High-speed train (HST) scenarios are expected to be typical scenarios for sixth-generation (6G) wireless communication systems. Due to the high cost, complexity, and time consumption of high-speed measurement campaigns, this particular environment poses challenges for performance measurements. Furthermore, it is not possible to perform repeatable measurements in a controlled high-speed environment in most cases. Using proposed methods of time-stretching the transmit signals, fortunately, such experiments can be emulated at lower velocities by inducing effects caused by highly time-varying channels. Therefore, the cost and complexity of high-speed measurement campaigns are considerably decreased. Foremost, this thesis considers the problem of unequal channel estimation quality between proposed time-stretching methods.

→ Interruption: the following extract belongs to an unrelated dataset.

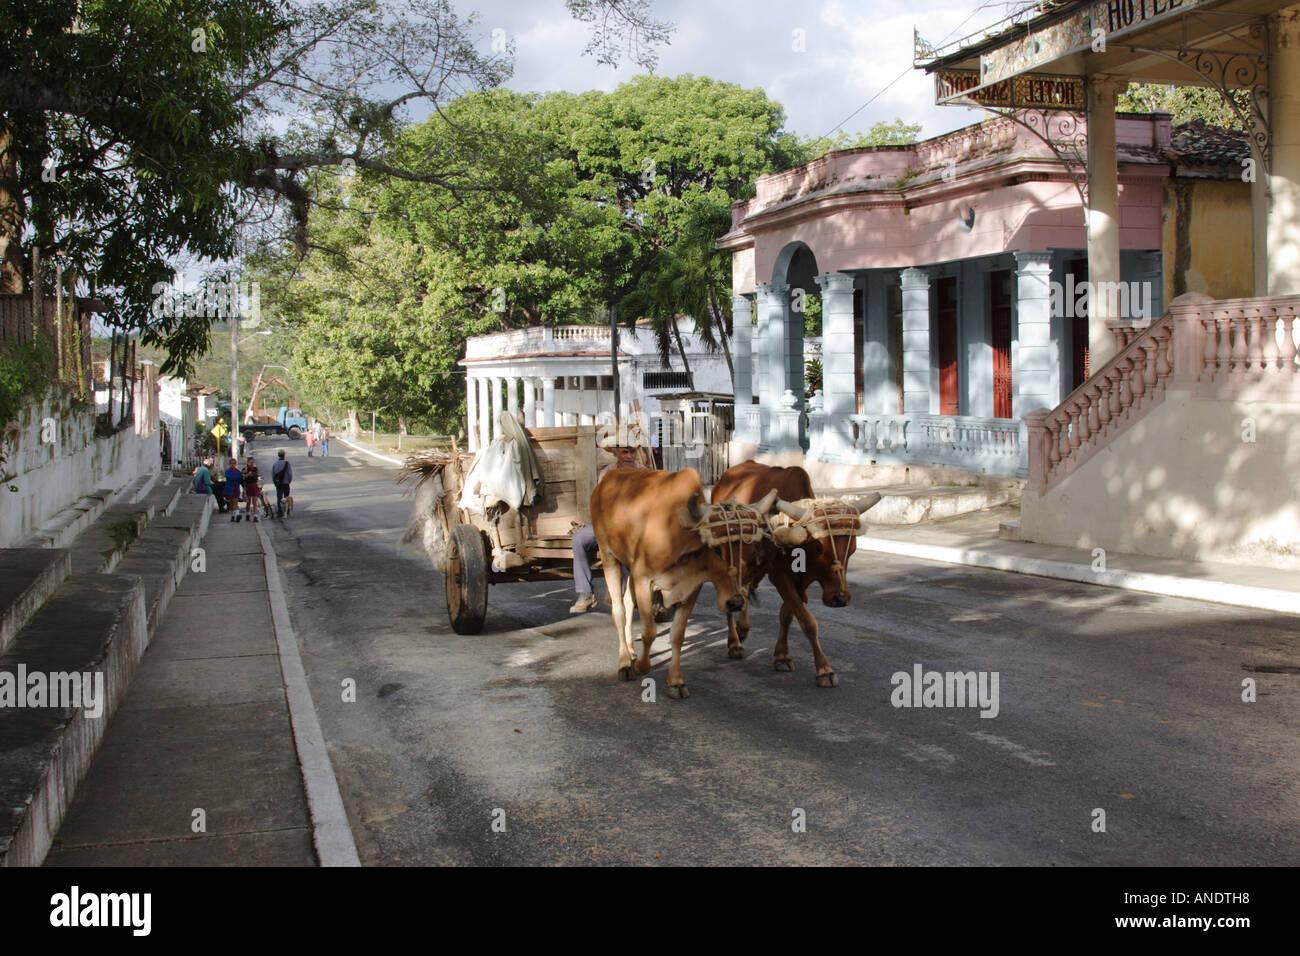 oxen cart outside hotel saratoga san diego de los baos cuba stock photo

This is an auxiliary unwanted side effect of proposed time-stretching methods. To ensure a fair comparison between resamplingand insertion-based time-stretching methods, I adapt the pilot-based channel estimation scheme within the time-stretching method. Besides the unequal channel estimation quality, I consider the problem of significantly increased Peak-to-Average Power Ratio (PAPR) in time-stretching methods. To solve this problem, I apply strategies to reduce the PAPR. Thereby, time-stretching methods can be used more efficiently in practical communication systems. In addition, this thesis investigates the applicability of the proposed time-stretching methods for 6G candidate waveforms. Evaluation is performed by simulations in high-speed environment scenarios. More specifically, I compare the performance of proposed methods by employing waveform candidates proposed for 6G wireless communication systems, such as Orthogonal Frequency Division Multiplexing (OFDM), Filter Bank Multi-carrier (FBMC), and Universal Filtered Multi-carrier (UFMC).